More recently, inhibition of aromatase, the enzyme that converts androgens to estrogens, with agents including anastrozole, letrozole, and exemestane, has been shown to be an effective alternative to tamoxifen for postmenopausal women with hormone-dependent breast cancer. Treatment with AIs produces frequent and durable responses in postmenopausal women previously treated with tamoxifen or endocrine ablative surgery, and AIs are more effective than tamoxifen in producing responses and delaying progression in first-line treatment of metastatic disease [4, 5].

Clinical trials established the role of AIs in the adjuvant therapy for postmenopausal women with hormone-responsive breast cancer in upfront, switch, and sequential treatment settings [6‐9], and this is reflected by international guidelines such as the American Society of Clinical Oncology [10], St. Gallen [11], National Comprehensive Cancer Network [12], and others.

The EBCTCG group was recently shown, through an overview of the randomized trials, that more than 50% of disease recurrences occur after the end of 5 years of tamoxifen treatment, possibly because of micrometastatic disease that may still be present [13]. Extending tamoxifen use further than the standard 5-year duration of treatment has been proven to be ineffective [14]. Postmenopausal women with hormone receptor-positive tumors who have completed about 5 years of adjuvant tamoxifen therapy should be considered for treatment with an AI. This strategy has been widely studied by the National Cancer Institute of Canada MA.17 [9], the Austrian Breast and Colorectal Cancer Study Group (ABCSG) 6a [15], and the NSABP B-33 [16] trials. The MA.17 trial was the first to demonstrate that an AI in the extended adjuvant-treatment setting was effective in reducing the risk for recurrence, and the first results from ABCSG-6a and NSABP-33 further supported the effectiveness of this treatment strategy.

However, a question exists on the long-term safety of these agents, in particular with respect to the effects on the lipid profiles of postmenopausal women. Lipid-metabolism disorders can be the cause of a wide range of conditions, with cardiovascular disease being the most significant [17, 18]. Cardiovascular disease is the leading cause of death in the developed world for women [19]. The role of low-density lipoprotein cholesterol (LDL) in the pathogenesis of atherosclerosis and subsequently in coronary heart disease is well known. Evidence suggests that increased levels of LDL are highly correlated with increased risk of heart disease, even while total cholesterol remains within normal range [20]. At the same time, high-density lipoprotein (HDL) cholesterol is known for its protective effect against coronary heart disease [21]. The role of triglycerides is less clear, but increased levels have been associated with risk of cardiovascular diseases in both women and men [22].

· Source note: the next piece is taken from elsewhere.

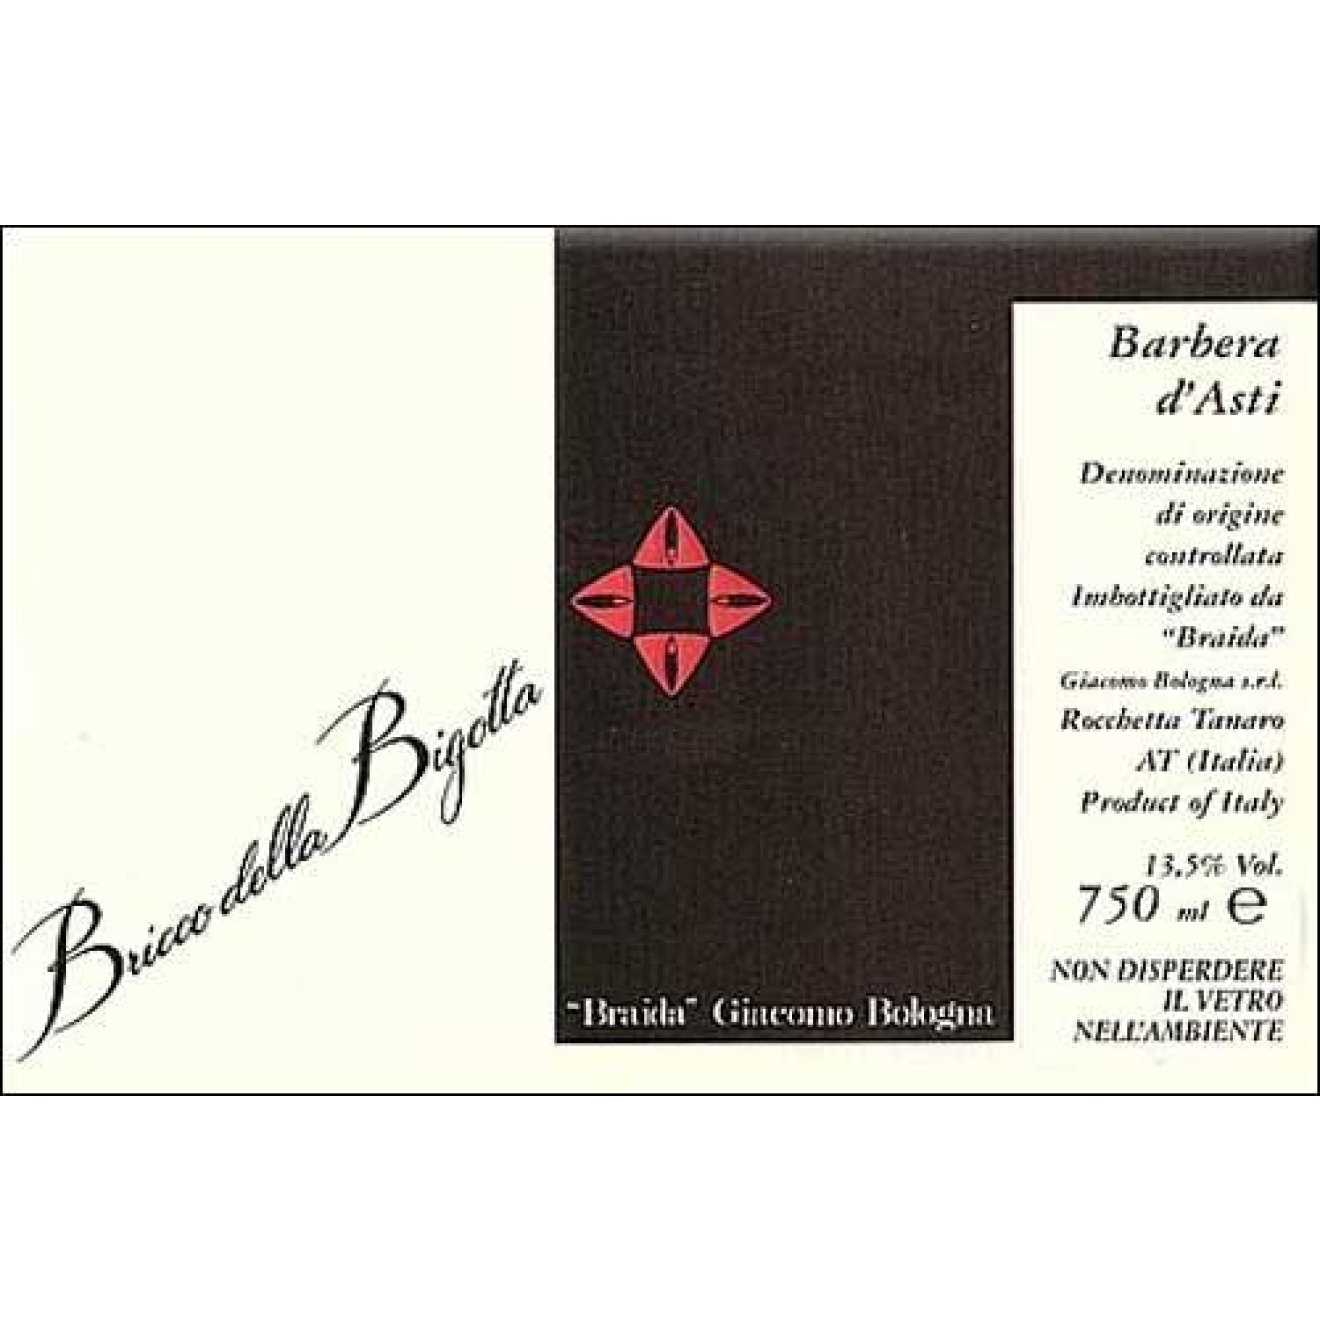 1996 Barbera d'Asti Bricco della Bigotta (1,5lt.) - Braida

The risk of cardiovascular mortality increases dramatically in women after menopause [22] because of lipid-metabolism alterations that are attributed to estrogen deprivation. Levi et al. [23] suggested that the greatest cause of death in women with early-stage breast cancer is heart disease. Because of the high levels of estrogen deprivation caused by aromatase inhibitors, the effect of such inhibition on lipid profiles and thus cardiovascular disease [24‐26] has been a concern, especially considering the protective effects that tamoxifen exerts on lipid profiles [27, 28]. It is, therefore, necessary to study these effects to assess efficiently the cost-to-benefit relation. However, we note that, in the extended adjuvant treatment setting, the effect of aromatase inhibition on lipids should be compared with the post-tamoxifen-deprivation lipid profile. The tamoxifen beneficial effect on the lipid profile of postmenopausal breast cancer patients seems to be lost in less than 12 months after cessation of tamoxifen treatment, and patients are assumed to return within the ranges of the average postmenopausal female population [29].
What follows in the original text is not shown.